Che cosa propone il tuo nuovo sito?
È un sito nuovo che fornisce contenuti tematici proprio sulla leadership. Durante la crisi ho trovato uno strumento dedicato proprio a questo ambito, una piattaforma online che si basa sull’aspetto ludico, una leadership simulation: il partecipante gioca un ruolo serio, lavora in un’azienda e guida un team di persone virtuali attraverso sfide di leadership basate sul flow, sul creare ambienti lavorativi coinvolgenti. L’obiettivo ultimo, in cui credo fortemente, è infatti quello di sviluppare il benessere collettivo, portando la felicità ai collaboratori e aiutandoli a lavorare nel miglior modo possibile. Grazie a questo strumento sto vivendo un salto di qualità molto importante per il mio lavoro.
Abbiamo detto che le crisi possono portare anche delle opportunità: come valuti la condizione di Smart Working vissuta da milioni di persone durante l’emergenza?
Ho esperienza di clienti che hanno tratto benefici dallo Smart Working, vedo molti aspetti sicuramente positivi. Ovviamente non credo che il lavoro vis a vis possa essere sostituito in toto dalla modalità da remoto, ma un giusto equilibrio tra i due approcci permette di trarre numerosi benefici in termini di minor inquinamento, meno costi indiretti e meno traffico per gli spostamenti. Sono anche convinto che nei prossimi anni assisteremo allo sviluppo di nuovi strumenti tecnologici che agevoleranno ulteriormente la modalità Smart Working; prima dell’emergenza, infatti, le aziende non avevano ancora investito in questo ambito.
Una costruzione realizzata con il metodo Lego Serious Play. “Come coach adotto un approccio coinvolgente attraverso lo strumento del gioco”, afferma Stefano Selvini.
Che tipo di suggerimento vorresti dare a coloro che desiderano diventare coach?
Penso che al giorno d’oggi stiano emergendo tantissime figure, anche molto giovani, di coach che definirei un po’ tuttologi. Io, personalmente, consiglio di trovare una propria area di competenza, in cui si è esperti, e prepararsi a diventare specialisti di quell’area di competenza. Io, per esempio, mi sono posizionato come coach del gioco e di supporto ai leader anche grazie alla mia personale esperienza professionale.
Infine, a una persona che invece cerca un coach, che tipo di criterio di scelta consiglieresti?
Esattamente lo stesso consiglio che darei a un coach: direi di cercare qualcuno che sia specializzato nell’ambito specifico di cui lui o lei ha bisogno, non rivolgendosi a coloro che si professano esperti di ogni settore, ma di indirizzarsi verso un aspetto particolare. Penso, per esempio, alla crescita di una startup, alle dinamiche di un’agenzia di viaggio, allo sviluppo di un leader.
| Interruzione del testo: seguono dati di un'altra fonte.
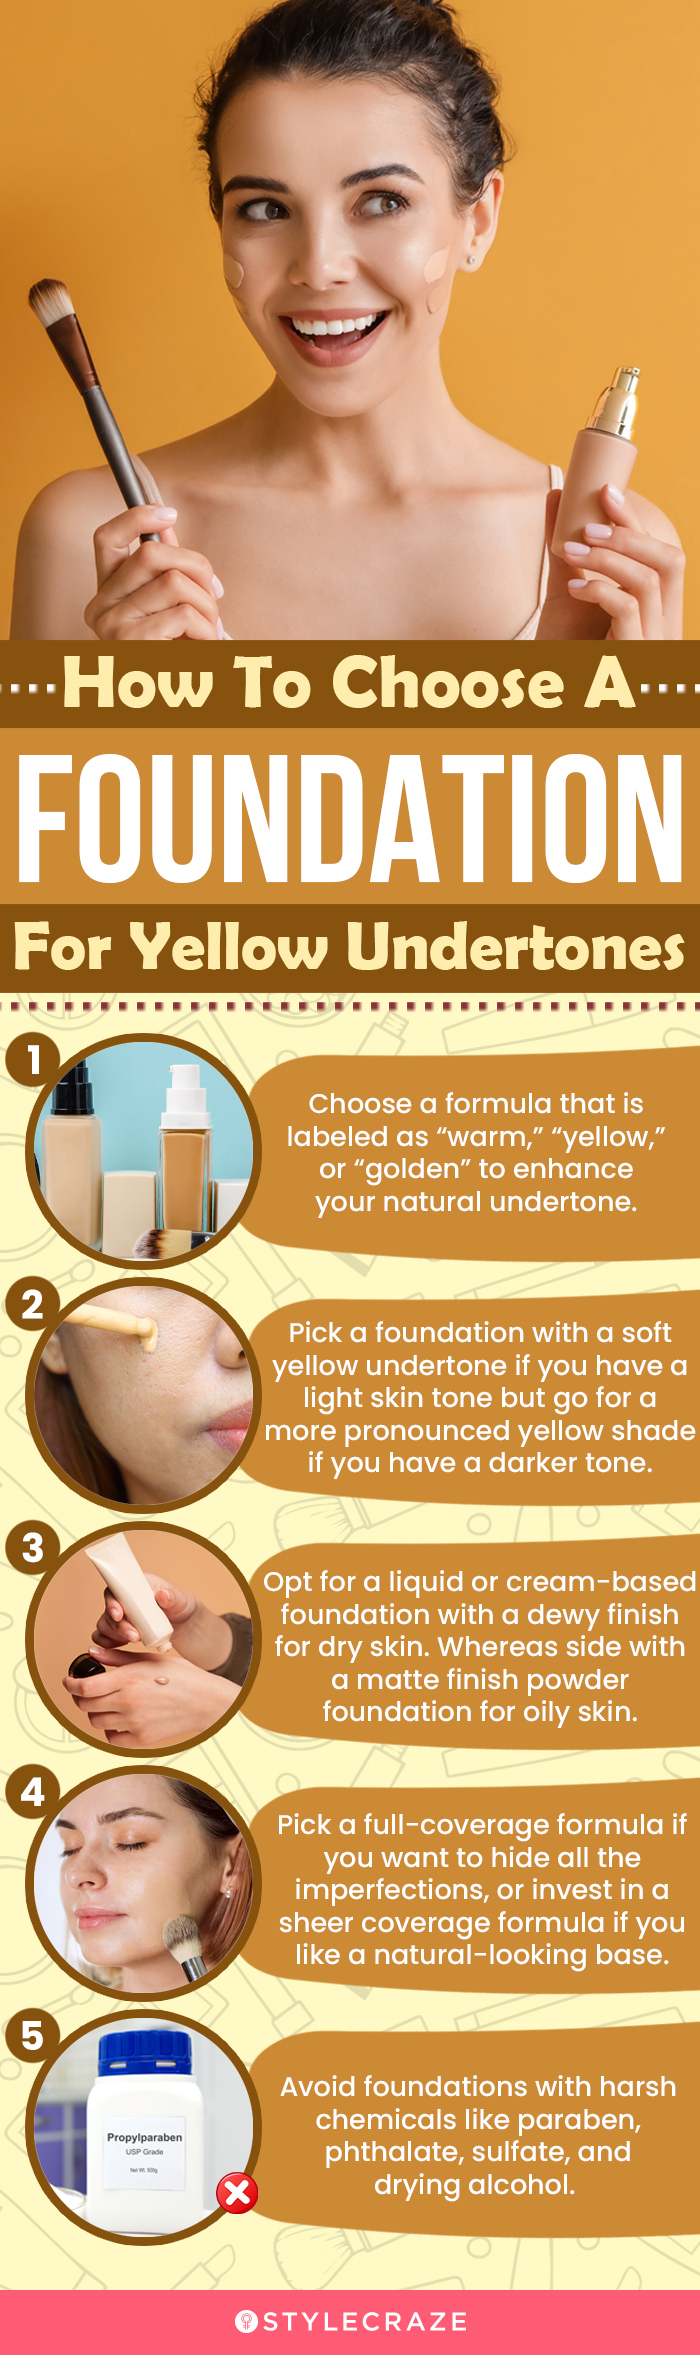 How To Choose A Foundation For Yellow Undertones (infographic)

Occorre valutare la reale esperienza sul campo e la professionalità del coach a cui ci si rivolge, le sue competenze reali. Una volta scelto il professionista, si potrà intraprendere insieme a lui il meraviglioso viaggio alla scoperta del proprio potenziale ancora inespresso. ©TECNeLaB
Mi piace lavorare sulla felicità, sul benessere delle persone, prendendo un contesto ludico e applicandolo nell’apprendimento e nella scoperta di situazioni reali e serie.